→ Supplied data:
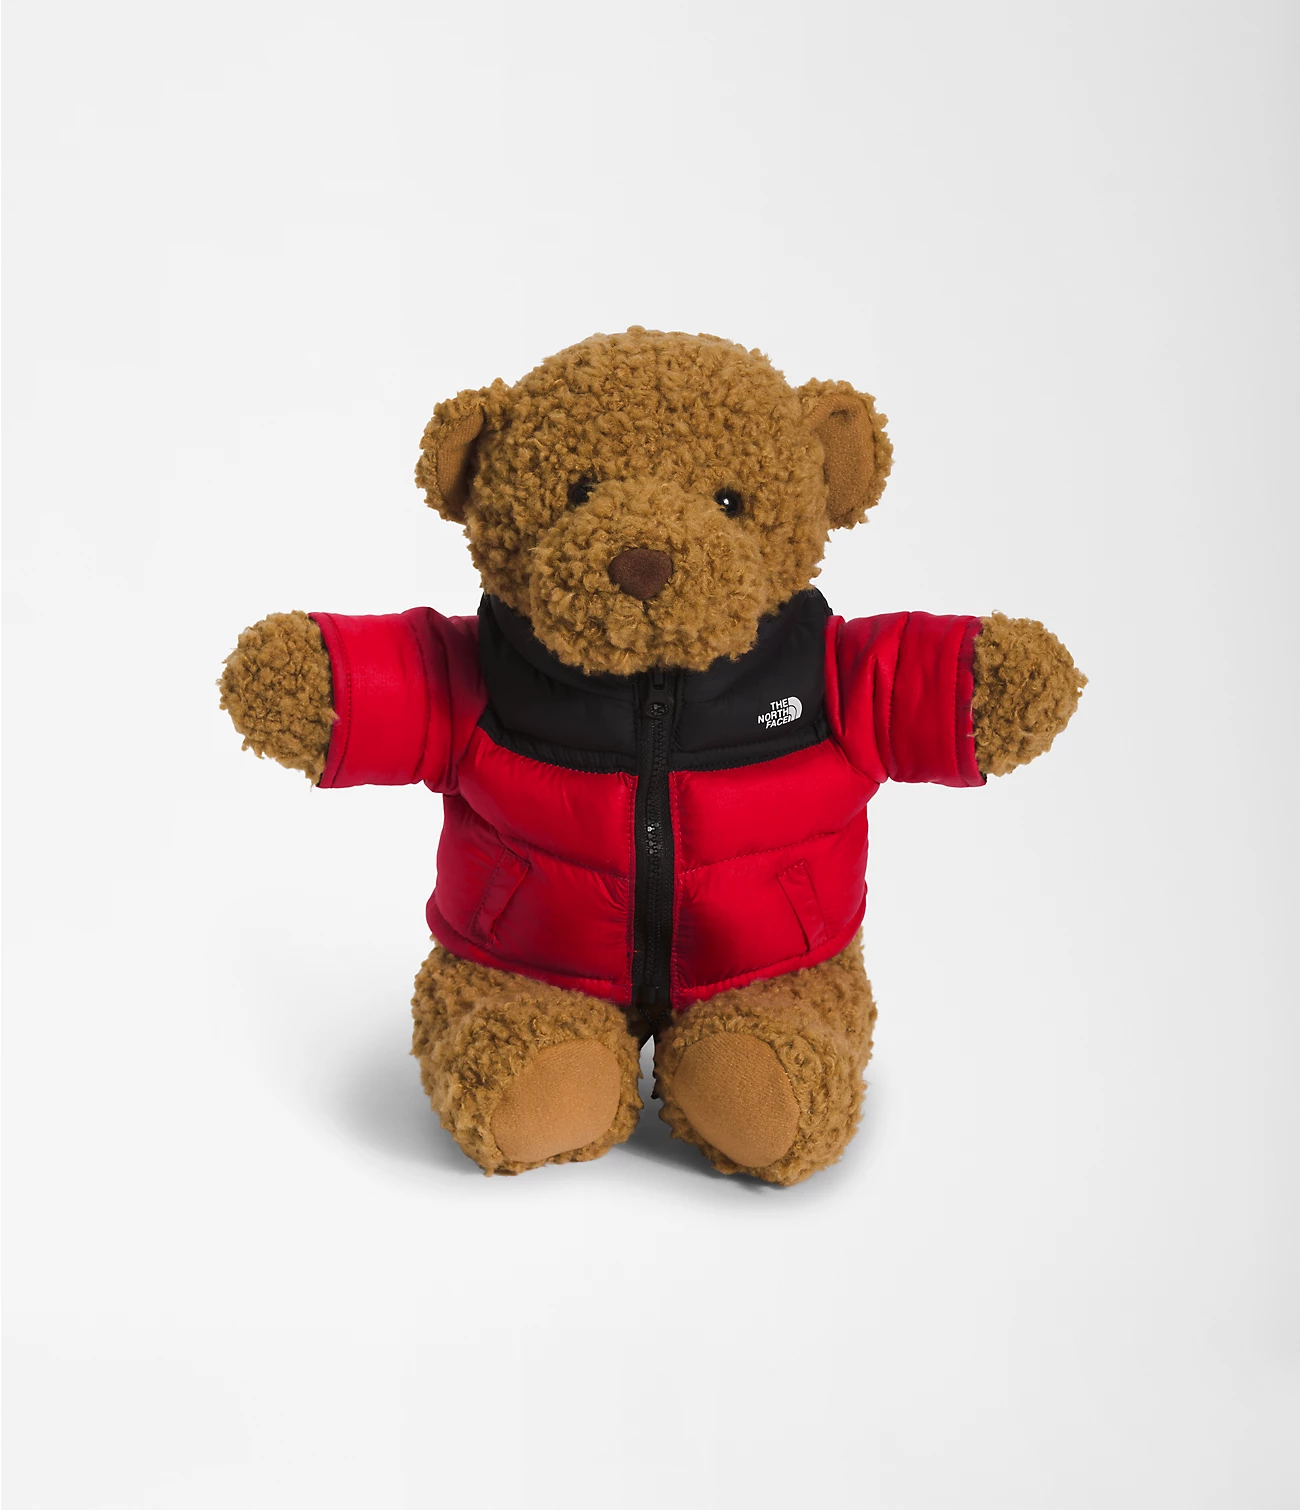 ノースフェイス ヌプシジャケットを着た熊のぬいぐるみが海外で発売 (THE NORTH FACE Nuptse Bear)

---

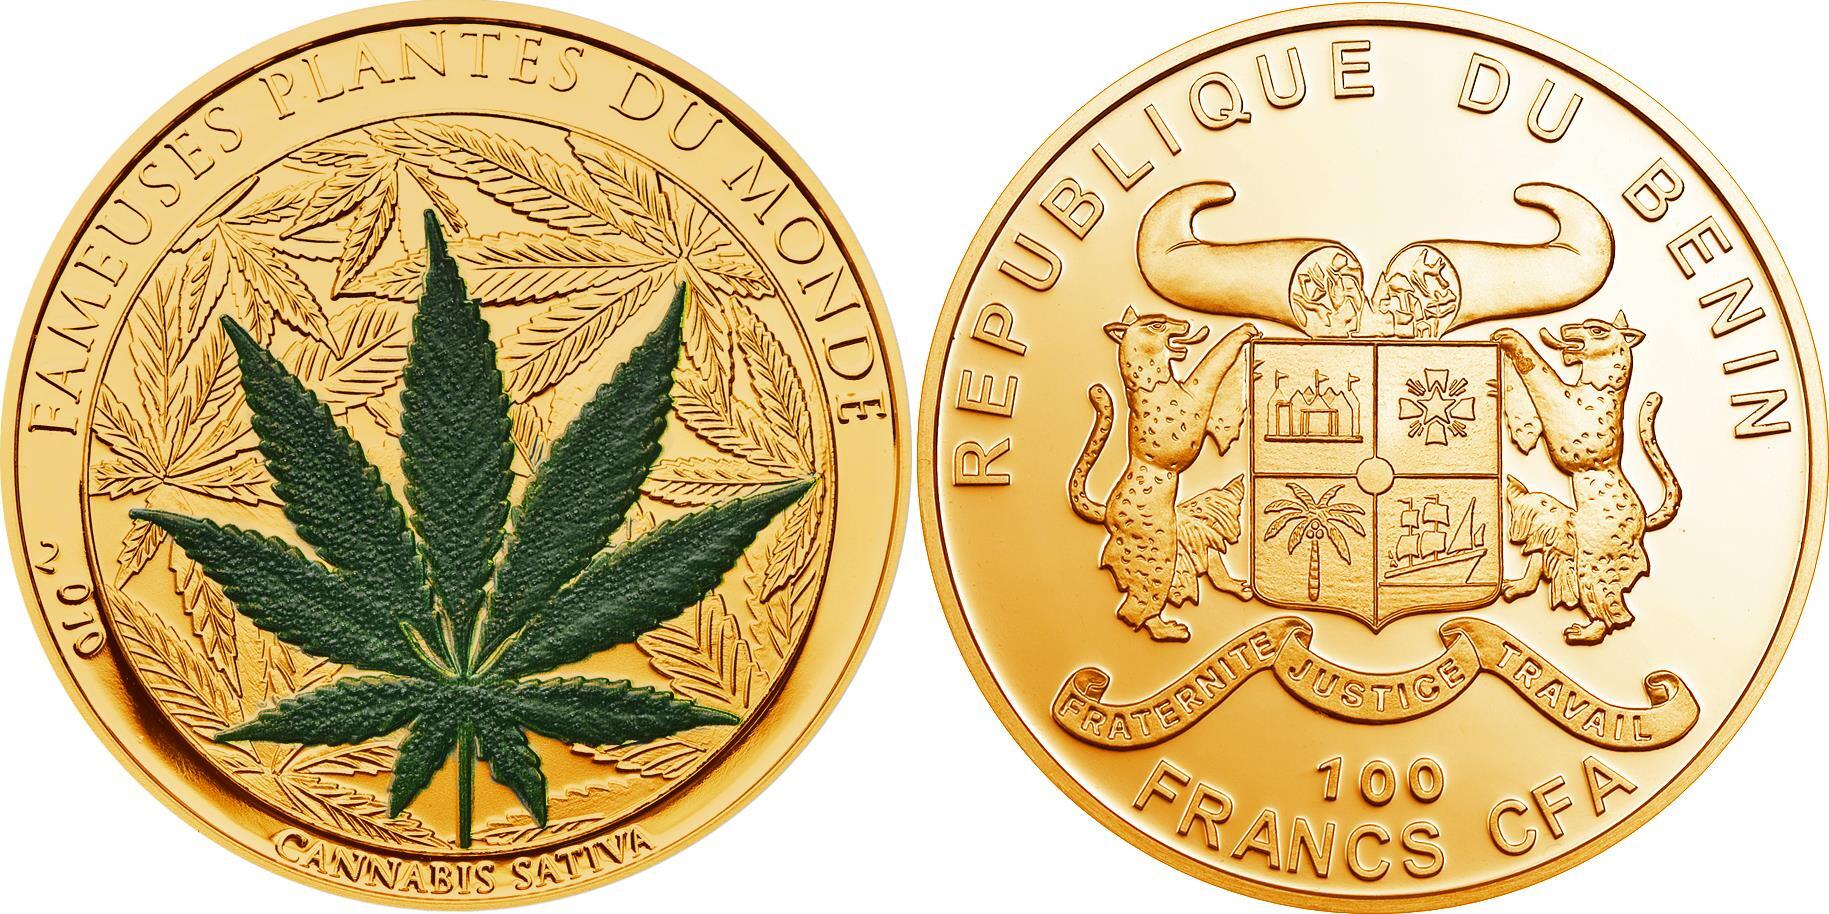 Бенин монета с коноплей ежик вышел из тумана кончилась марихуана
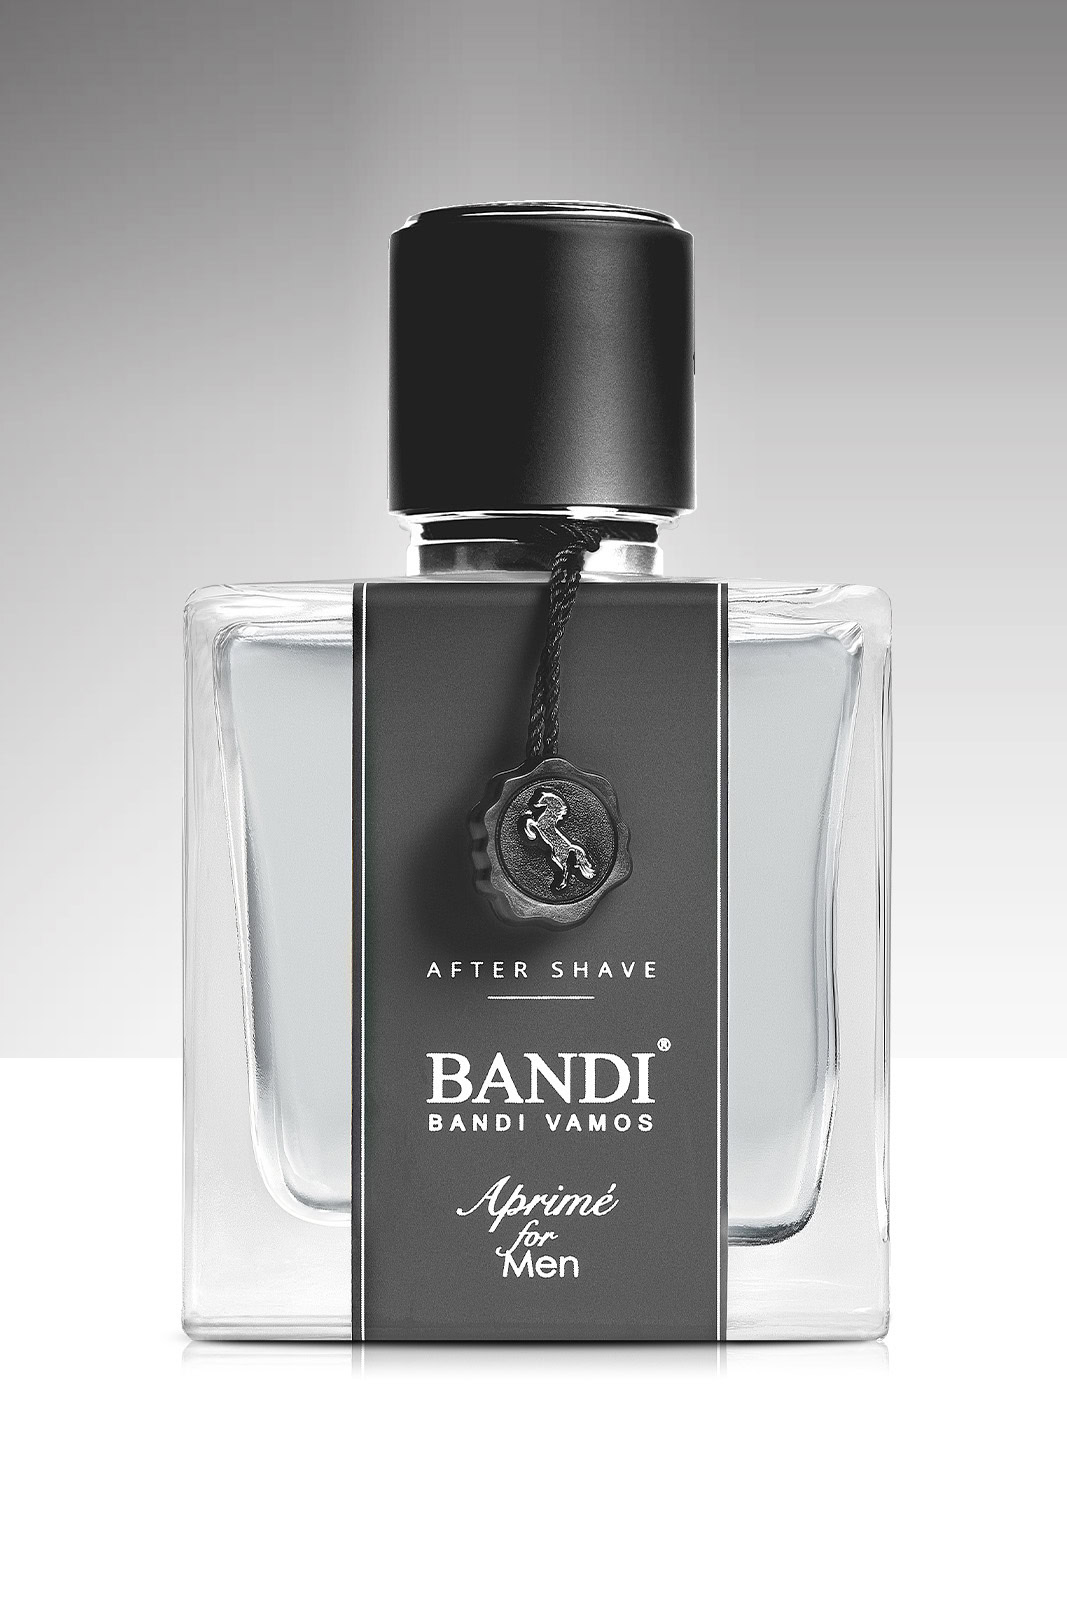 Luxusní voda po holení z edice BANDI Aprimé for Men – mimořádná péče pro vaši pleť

==

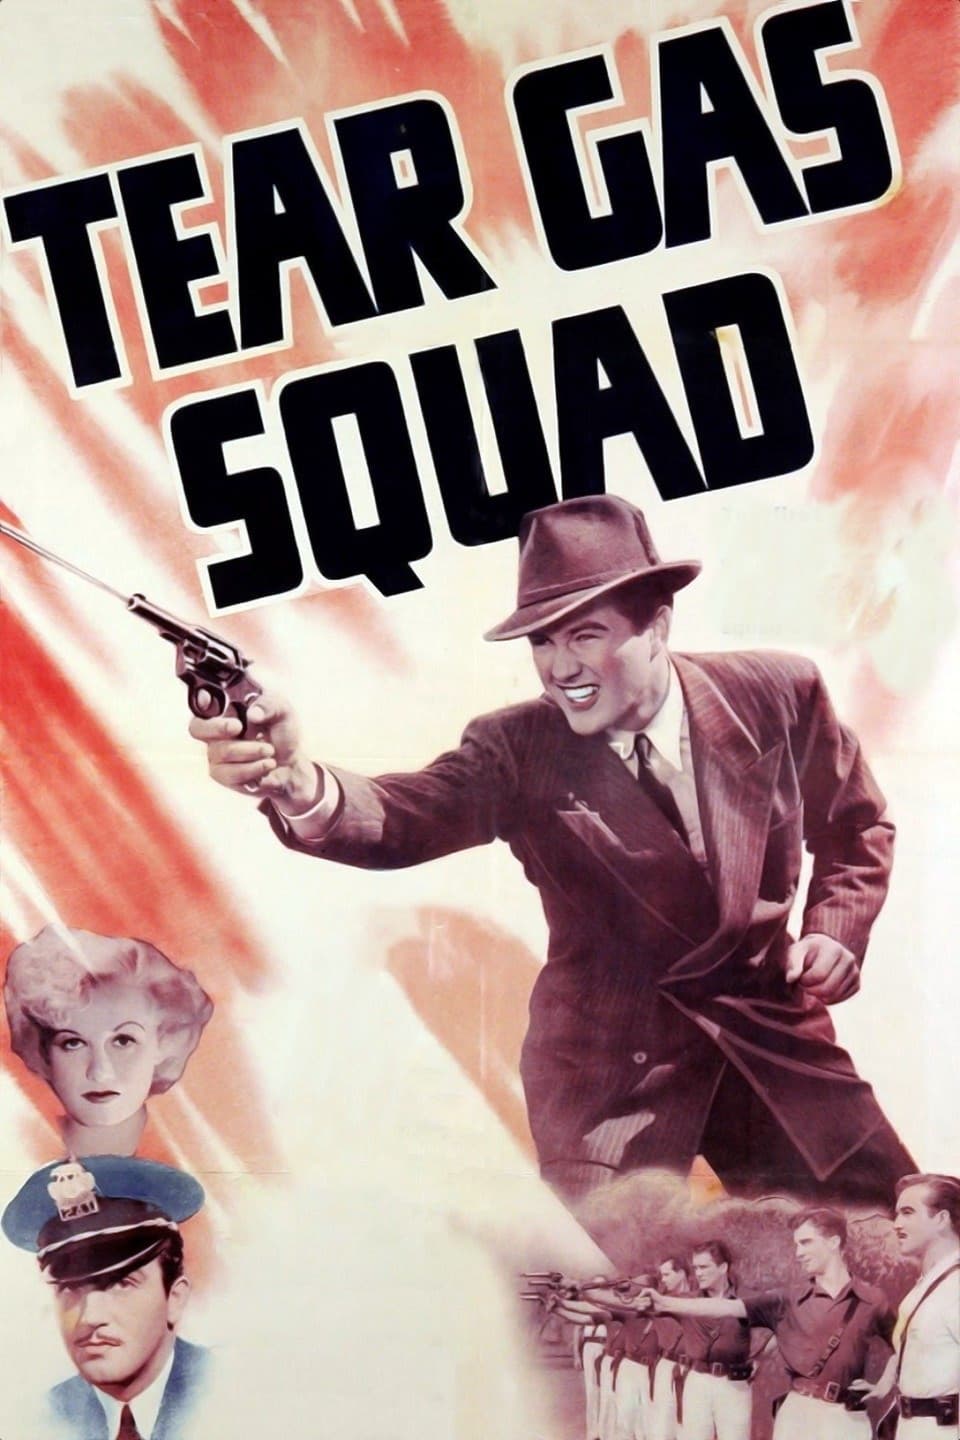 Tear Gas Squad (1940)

→ Exercise directions: Copy word for word the lines of the records above from the one with "Бенин монета с" up to and including the one with "Luxusní voda po". Skip the pictures.

→ Answer to this exercise:
 Бенин монета с коноплей ежик вышел из тумана кончилась марихуана
 Luxusní voda po holení z edice BANDI Aprimé for Men – mimořádná péče pro vaši pleť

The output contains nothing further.